Context-Free Languages

Closure Properties


Context-Free Languages are closed under union


  Let G_1 and G_2 be CFGs with start symbol S_1 and S_2, introduce a new CFG G_3 with start symbol S and a production rule S\rightarrow S_1|S_2, and L(G_3) will be the same as L(G_1)\cup L(G_2), since it is obvious that S can only generates S_1 or S_2 which will generate L(G_1) and L(G_2) respectively.
  The other way is to construct a union machine for L(G_1) and L(G_2) like what we did for those regular languages, use a new start state and link it to the original machines start state.

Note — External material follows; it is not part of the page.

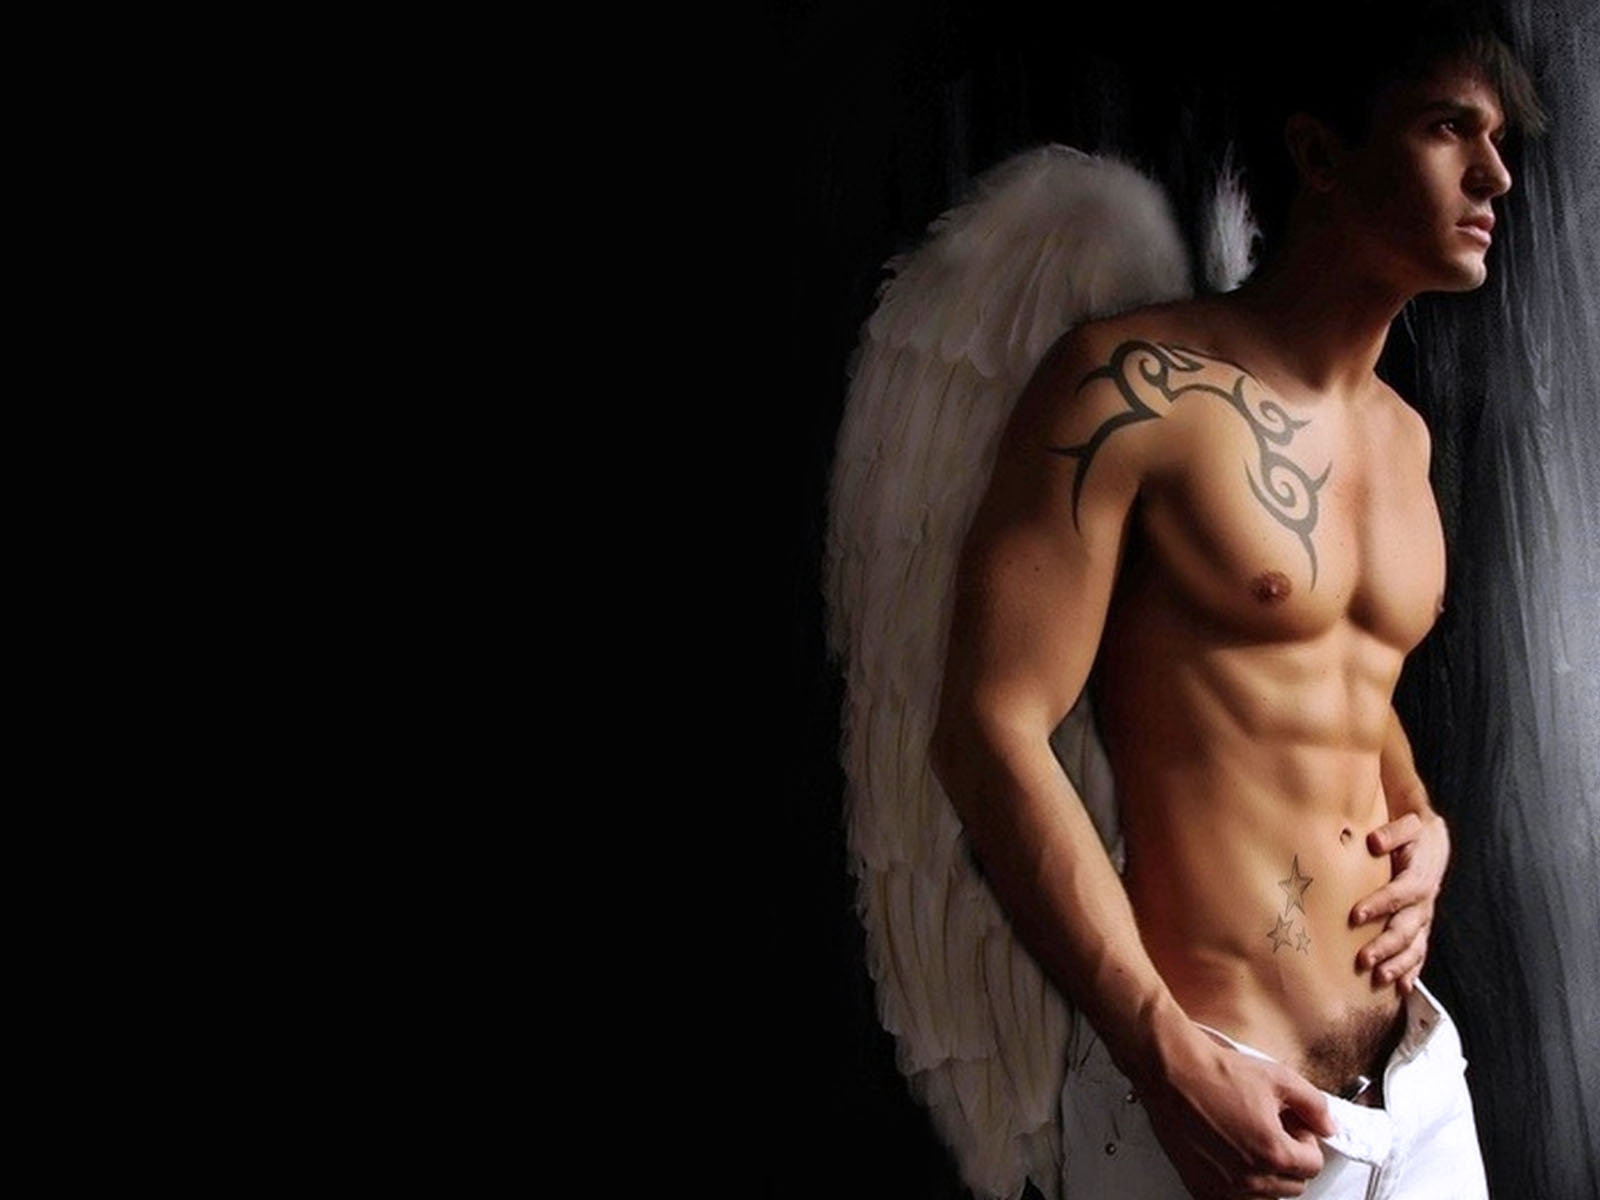 Wallpapers by OFCP: Angel (683)

Context-Free Languages are closed under production


  Let G_1 and G_2 be CFGs with start symbol S_1 and S_2, introduce a new CFG G_3 with start symbol S and a production rule S\rightarrow S_1S_2, and L(G_3) will be the same as L(G_1)L(G_2), because it is obvious that the first part of L(G_3) will be in L(G_1) and the second part will comes from L(G_2)

Kleene Closure

If L(G) is a CFL, then so is L(G)^\ast


  Let G be the CFG of the L(G) with start symbol S_1, introduce a new CFG G' incorporated with G and a production S\rightarrow S_1S|\Lambda.
  It is clear that S\stackrel{\ast}{\Rightarrow}S_1^n


The intersection of two CFLs may not be CFL


  Since all regular languages are context free languages and we've give a sufficient proof that the intersection of regular languages are still regular languages, so if two langauges are regular, then then're also context-free, hence their intersection is regular and context
  If a CFL is not regular, this statement may not hold, for example, the language L_1=\lbrace a^nb^na^m\rbrace is context-free(the proof is omitted), and so does L_2=\lbrace a^nb^mc^m\rbrace, but there intersection, which is L_3=\lbrace a^nb^na^n\rbrace is apparently not context-free since we can disprove it by using the pumping lemma for context-free languages we've mentioned at last chapter.


The complement of two CFLs may not be CFL


  As we've stated in the last theorem's proof, part of the complement languages are context-free because they're also regular, and the others are not
  Let L_1 and L_2 be context-free languages, if their complement \overline{L_1} and \overline{L_2} are context-free, then \overline{L_1}\cup\overline{L_2} must be context-free according to the union property, and \overline{\overline{L_1}\cup\overline{L_2}} must be also context-free, but from the De Morgan law we know \overline{\overline{L_1}\cup\overline{L_2}}=L_1\cap L_2 which we've just proved that may not be context-free, so we proved this theorem by contradiction.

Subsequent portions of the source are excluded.